Что он сказал в аэропорту? «Атмосфера „Тысячи и одной ночи“», думает Миша, собираясь распаковать чемоданы (как они убоги по сравнению с окружающей роскошью!). Но там уже стоят двое служителей, которые не позволяют ему, нет, он не должен этим заниматься, они сделают это сами. Ну, хорошо, это их обязанность, мысленно соглашается Миша. Вот и с пролетариями всех стран та же история. Как легко и приятно об этом забыть…
Миша, насвистывая, прогуливается взад-вперед по апартаментам. Какая красота! Когда он вступает в ванную, глаза у него лезут на лоб. Вот это сантехника! Тут «Кло-о-форм верке» из Вупперталя нечего делать со своими «Kronjuwelen», «Gran-Grasias», «Aphroditen», «Princesses» и всем остальным.

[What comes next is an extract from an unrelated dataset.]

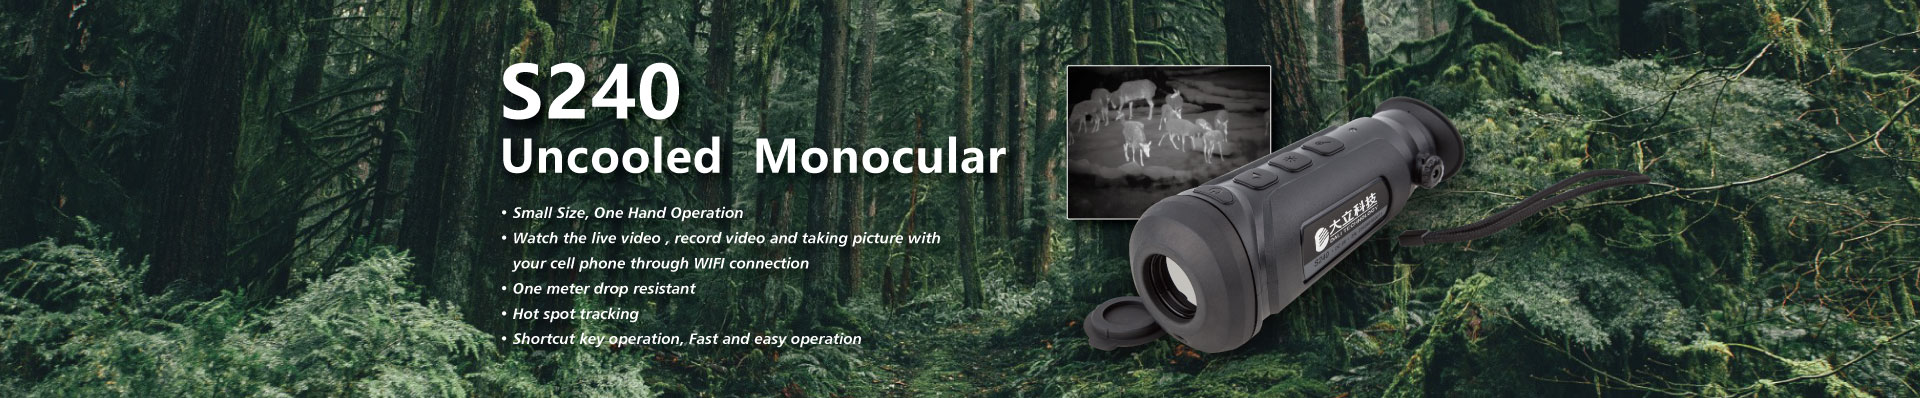 S240 Uncooled Monocular

То, что они выпускают, даже самое изысканное, просто смех по сравнению с тем, что здесь установлено!
Миша судорожно сглатывает.
Утопленная в пол ванна, конечно, Whirlpool, из сверкающего белого мрамора, вся арматура позолочена. То же самое умывальники. То же самое биде и унитаз. То же самое
Теперь Миша ползает на четвереньках вокруг унитаза и биде — в конце концов, это его профессия, он должен знать, как все это устроено. Ах, автоматический смыв теплой водой (можно установить любую температуру по желанию), ах, нагнетатель теплого воздуха (тоже регулируемый), из насадок поступает вода, из насадок поступает воздух, нет, тут не нужны бумага, мыло и полотенце, тут только фонтанчики в биде и в унитазе и потоки сухого воздуха.
К тому же другие насадки распыляют сладкие ароматы, струится фольклорная музыка, но что это! Здесь есть маленький ящичек, эти кнопки так похожи на те, что в «Джамбо», их тоже можно нажимать и выбирать музыку, которая нравится: классика, джаз, блюз, рок, хэви метал. Миша нажимает и нажимает, и останавливается, наконец, на «Сумерках богов» Рихарда Вагнера.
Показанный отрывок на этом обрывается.